In conventional altimetry, when the satellite is approaching the coast, the ocean echoes get highly contaminated by land reflections (see Picture 1). This is due to the large footprint these kind of altimeters have. Instead, when delay-Doppler altimetry (DDA) is used, the footprint is considerably diminished along-track. In Picture 2, the conventional altimetry range rings are shown together with the division of along-track Doppler cells, which make the footprint for each waveform significantly smaller. Consequently, land contamination is avoided or, at least, reduced (see Picture 3). CryoSat-2, for example, has a footprint with a diameter of around 20 km. When using DDA, the along-track resolution is narrowed down to 300m.

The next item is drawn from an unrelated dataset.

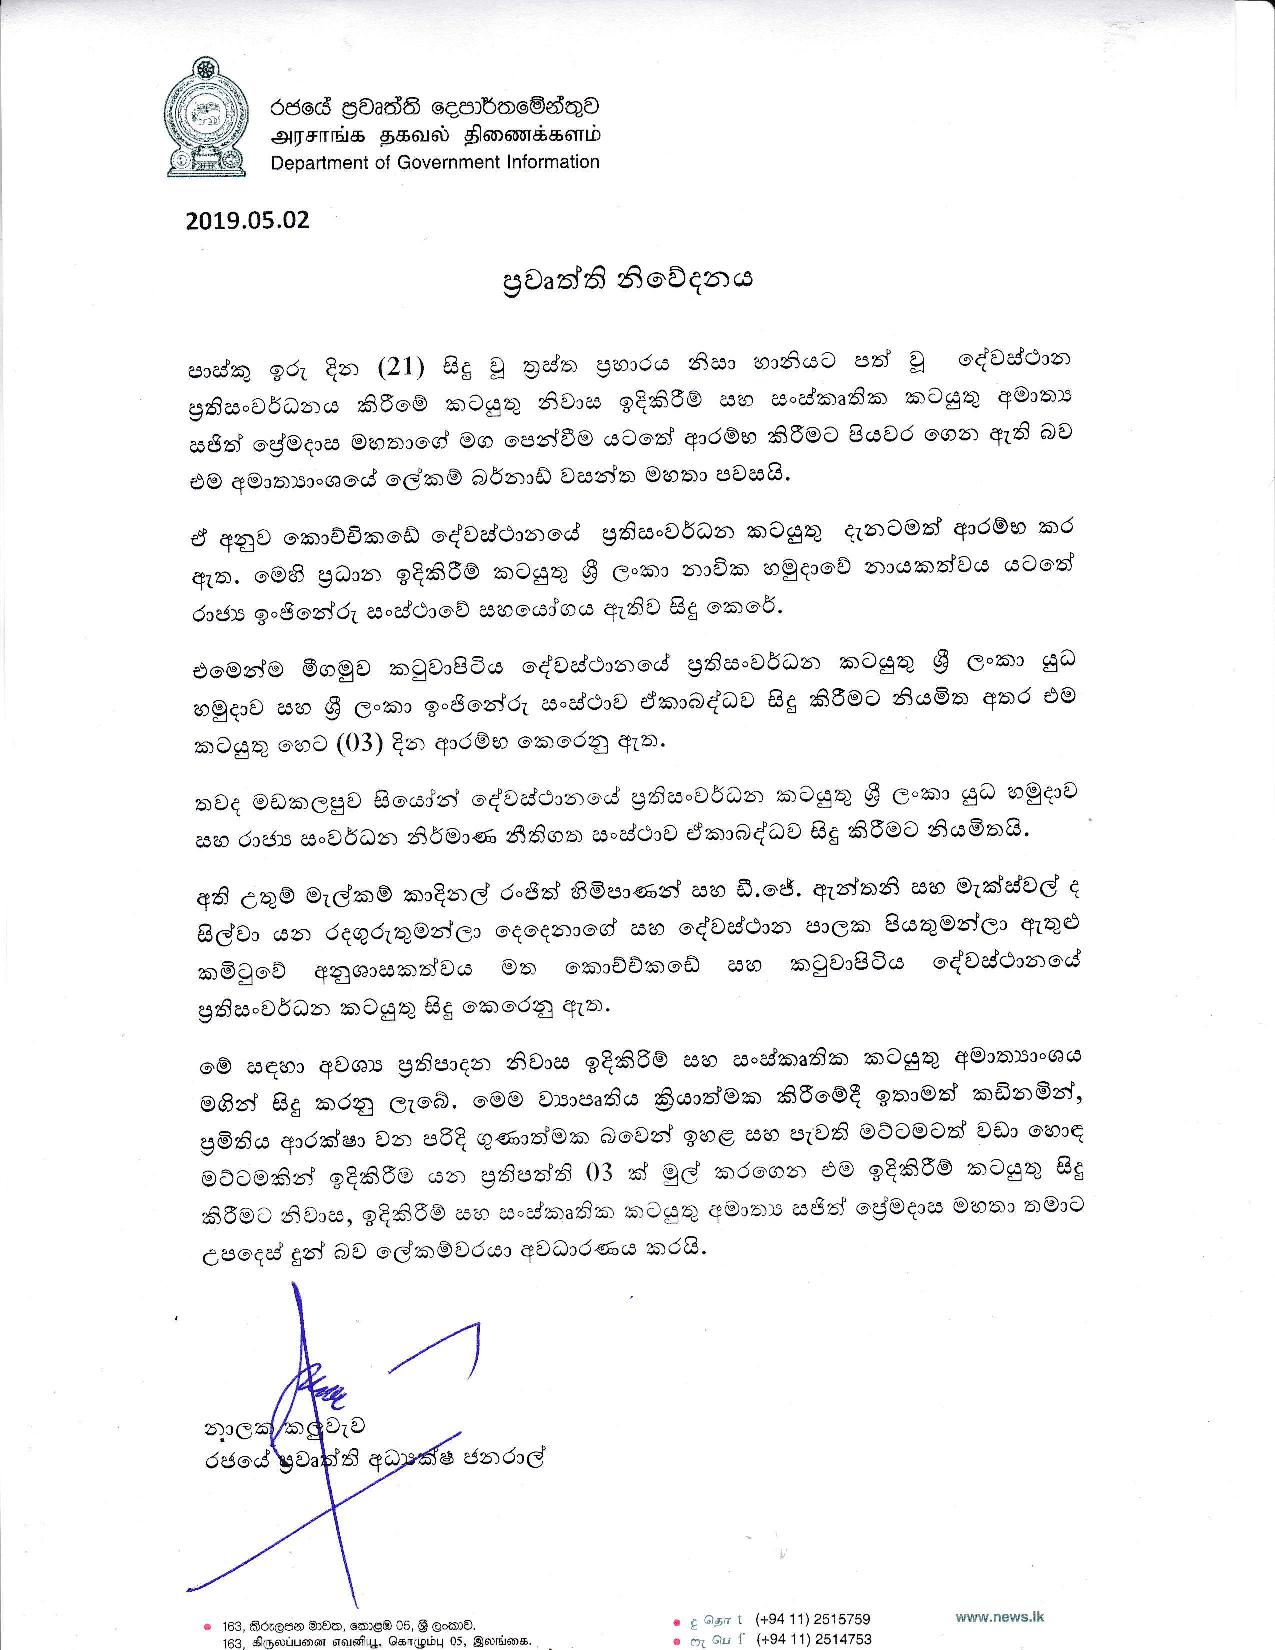 Media Release on 02.05.2019 page 001

 Picture 1-Non contaminated waveforms

Picture 2 - Doppler cells and range bins

Picture 3 - LRM vs DDA footprints

Apart from surface-induced issues, delay-Doppler altimetry improves data quality in other aspects as well. Firstly, since the received echoes are not averaged on-board, waveforms can be better aligned on-ground prior to averaging. This solves the issue of having a blurry leading edge of the waveform. Moreover, with the delay-Doppler technique, the resulting waveform is much less corrupted by speckle noise, improving the signal to noise ratio. This is because the waveforms are uncorrelated (since they were captured from different places in the satellite orbit; see Picture 4) and they are incoherently averaged. The outcome of these two features allows a better retracking of the echo waveforms and hence a better estimation of the altimetric parameters.

Picture 4-Uncorrelated waveforms collection credit CryoSat

In summary, delay-Doppler altimetry not only produces measurements closer to the coast but significantly improves the quality of the data compared with conventional altimeters. For GlobCurrent, this is a great advantage that will help us to better understand and monitor water circulation globally and, with this, be able to provide the user community with very precise, high-value information.

So the future looks great. With a DDA instrument on CryoSat-2 and a SAR (Synthetic Aperture Radar) on Sentinel-1 (2014) in orbit, and other missions to be launched in the upcoming years such as Sentinel-3 (planned for 2015), GlobCurrent will be able to provide global coverage of the Earth and thus a more complete high-resolution picture of the ocean’s surface circulation will be available than ever before.